These properties underpin the dominant place that polymers take in the modern economy. However, due to their long-term durability, waste polymer materials accumulate in the environment and cause serious concerns for a wide range of habitats and ecosystems.
Around 90% of today’s polymers are derived from finite petrochemical feedstocks through unsustainable raw material extraction and manufacturing processes, causing further environmental degradation.
Efforts to address these issues include the development of bio- and photo-degradable polymers and mechanical recycling. Typically, biodegradable plastics, such as those used in food packaging, lack the mechanical strength required for demanding industrial applications.
Photo-degradable plastics show some promise for ultraviolet (UV) photodegradation, but the low reactivity of their hydrocarbon backbone chains significantly limits the rate of degradation.
Mechanical recycling, on the other hand, often results in a substantial loss of quality and mechanical strength, rendering the recycled material unsuitable for high-performance applications.
Ideal Process for the Recycling and Reuse of Post-Consumer Materials
A promising approach that can enable the circular reuse of polymers is the development of chemically recyclable polymers that can be depolymerized at the end of their life, and reusing the constituent monomers in high-value materials with properties equivalent to the original material. Such circular use of plastic materials would preserve finite natural resources and help to resolve end-of-life issues for many industrial products.
A couple of challenges need addressing to establish an effective circular plastics economy based on chemically recyclable polymers. First comes the development of a cost-effective depolymerization process with high selectivity that can convert post-consumer material into the starting material (the concept is known as chemical recycling to monomer or CRM). Then, the properties of the depolymerizable polymers need to match or exceed the properties of the current industrial plastics.
Dr. Junpeng Wang, an associate professor at the School of Polymer Science and Polymer Engineering, together with his colleagues at the University of Akron in the USA, believe that they might have answers to the scientific challenges associated with CRM.
Dr. Wang's team has successfully designed monomer and polymer structures that exhibit high (de)polymerization activity and can deliver properties and performance comparable to existing industrial standards.
Ring-Strain Shifts the Equilibrium
The researchers used a specially designed monomer consisting of cyclooctene (8-membered unsaturated cyclic alkene) with a four-membered cyclobutane ring fused to the eight-member ring.

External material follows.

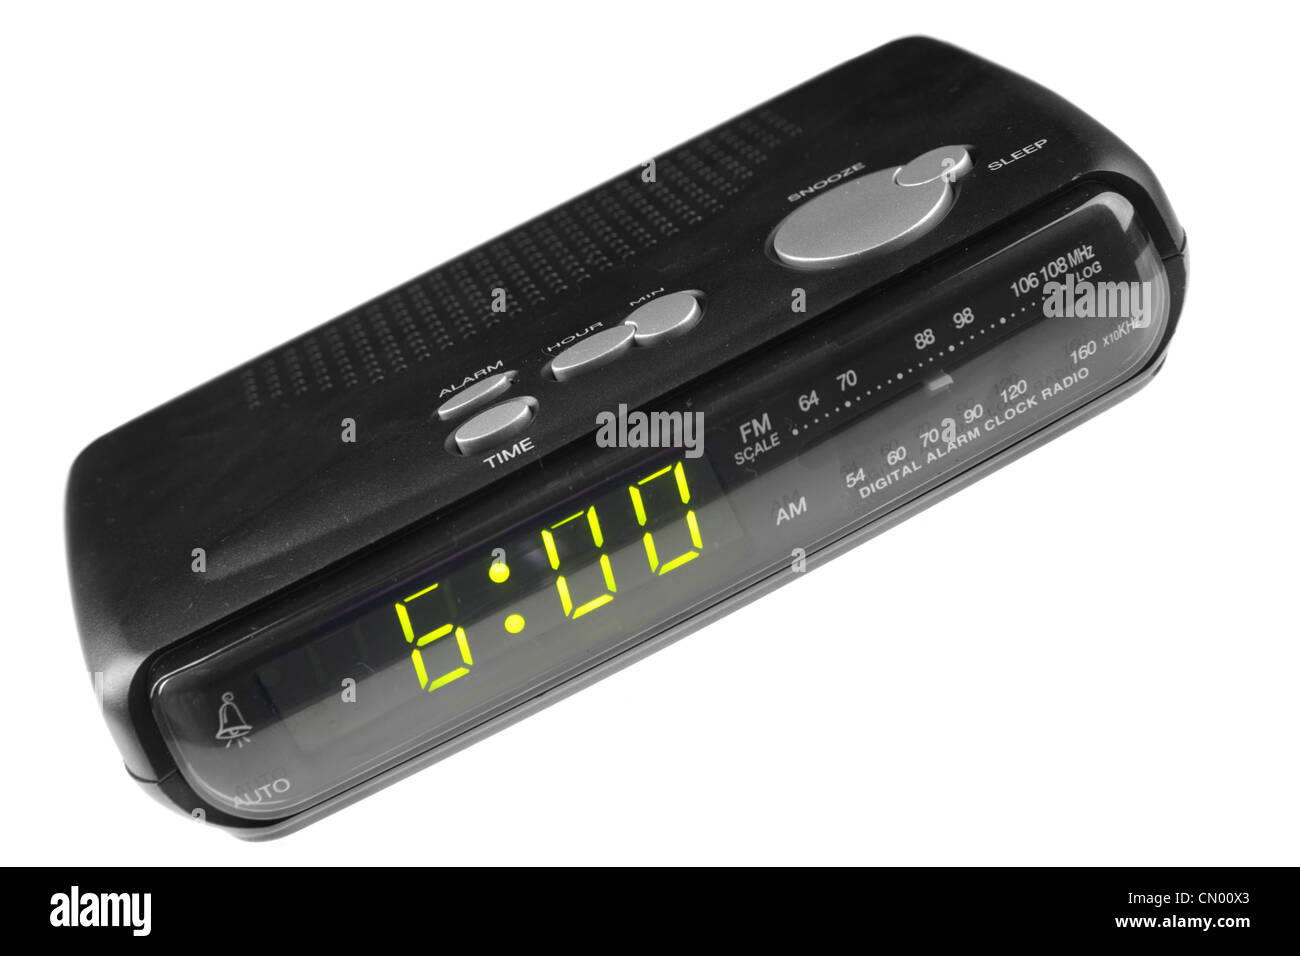 Digital alarm clock radio isolated over white background Stock Photo

Once dissolved in a suitable organic solvent, the monomers were subjected to a ring-opening metathesis polymerization (ROMP) reaction in presence of a ruthenium catalyst.
ROMP is a chain-growth polymerization process where cyclic alkenes are converted into polymers. The driving force of the reaction is the relief of the ring strain in the cyclic alkenes. The term ring-strain relates to the energy difference between the cyclic form of the monomer and the polymerized form, which determines whether the reaction is reversible.
Dr. Wang’s team discovered this particular monomer through computational studies during the COVID-19 pandemic when experimental work in the lab was suspended. Instead, the chemists concentrated on computer modeling of the ring strain in a series of cyclooctenes until they discovered that the cyclobutane-fused cyclooctene compound had a surprisingly low ring strain. The discovery meant that both forms, cyclic and polymer, should have comparable energies, and the polymerization reaction should become reversible.
The experimental data showed that cyclooctene-derived monomer can polymerize at room temperature with a yield of 67%. Then, when the reaction was reversed at 50 °C, nearly 90% of the polymerized monomer was recovered by using the same ruthenium catalyst, and without generating or consuming additional materials.
As Dr. Wang explains, the reaction is controlled by the monomer's concentration - at higher concentration polymer forms - while lower concentration shifts the reaction equilibrium towards monomers.
Matching the Properties of Commercial Plastics
The resulting polymer demonstrated excellent thermal stability with a thermal decomposition temperature up to 370 °C (well above the polymer's glass transition temperature). Therefore, the novel polymer can safely be processed into products by conventional high-temperature injection molding without noticeable degradation. Importantly, the recyclable polymer can only depolymerize in the presence of a catalyst. Otherwise, it is highly stable and can withstand heat, corrosion, and mechanical stress.
The compound Dr. Wang's team synthesized is also highly tunable. The properties of the polymer can be adjusted by replacing the functional side chains on the polymer backbone. An imide-functionalized derivative of the polymer showed mechanical properties comparable to those of polystyrene (one of the most widely used plastics). The researchers believe that other derivatives could find multiple uses as infinitely recyclable plastics or rubbers.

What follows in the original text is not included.